We have travelled (8h car trips a few times a month) since he was only a couple weeks old. I sat with him in the back while he was rear facing or else he was upset. I think he was lonely and all he had to look at was the chair...he had lots of toys but was very segregated from us otherwise. At 18months we switched him to FF and like a charm he was happy and spent most of the time playing/watching movies or sleeping...and chatting with us of course.
I think each child is different on how to keep them happy...but I always reaffirm with him that we ALL have to sit and wear our seatbelts when we are driving.


----------



## denimtiger (Jan 22, 2009)

We had the same issues in our house, and there's just really no way around it. Sometimes we just HAVE to go in the car.

I'm not big into screen time, but a cheap portable DVD player attached to the headrest where she could see it literally saved both of our sanity.


----------



## caenach (Jun 21, 2008)

DD has never been a big fan of the carseat. She's hated it since birth. We hardly travel, because of this, unless we can fly. And I keep trips short when possible.

She genuinely gets upset--I don't really think she has the capacity to "be manipulative" in any kind of overt sense. Obviously she is going to try to use her few tools (body language, vocalization) to tell us what she needs/wants, and what she needs/wants is to be out of the carseat! She doesn't like being strapped in back there alone. Maybe she _would_ stop if we ignored her...but I don't see why we can't try to provide some reassurance/comfort to her when travel is a necessary evil.
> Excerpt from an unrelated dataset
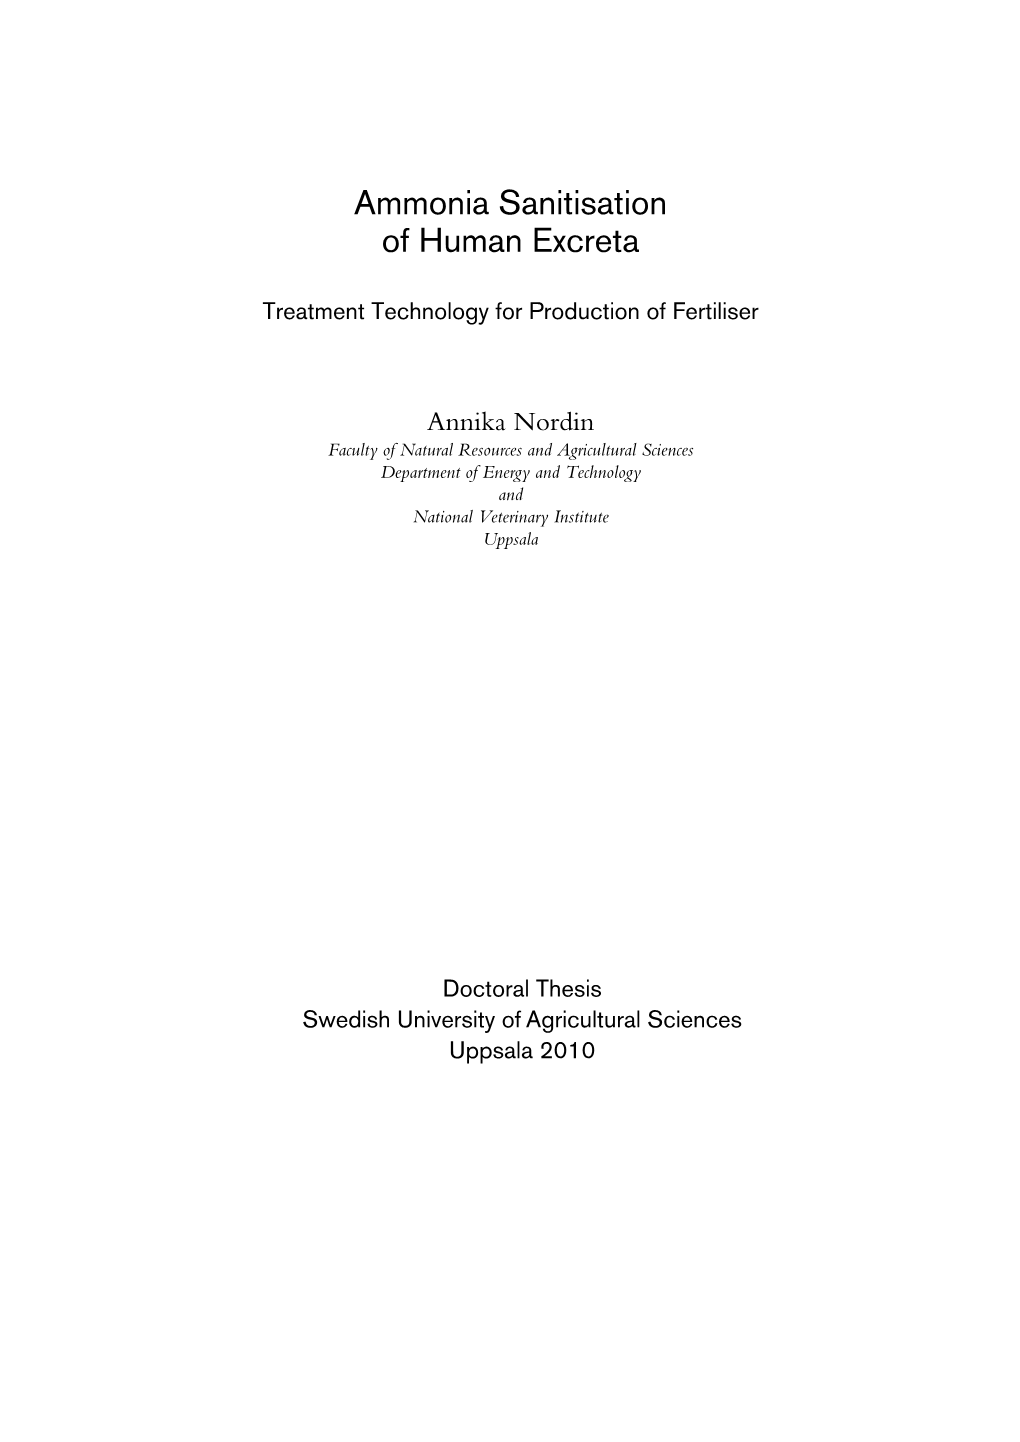 Ammonia Sanitisation of Human Excreta

It doesn't hurt us to sing a little or say soothing things to her. Sometimes she just has to deal and she does cry for awhile, but at least she hears her mama and daddy talking to her.

Sometimes, if we're doing something she understands, we can talk about where we're going and she'll stay relaxed. "We're going to the park. Do you want to swing when we get to the park? Would you like to go down the slide? Do you think we'll see some dogs at the park?"

We sing. A lot. We have established car-calming songs, usually repetitive things like "Wheels on the Bus" (that's DH's fallback) or "Old MacDonald" (that's mine). DD is really into animal noises, so she'll be quiet for "Old MacDonald" as long as I can keep thinking of animals!

Sometimes having a sippy cup or something to hold/chew on helps. DD does not "take" a bottle or a pacifier, but she's been known to play with one while in the carseat. Today she held one of her favorite soft bunnies. She also likes to read those soft "quiet books" while in her carseat.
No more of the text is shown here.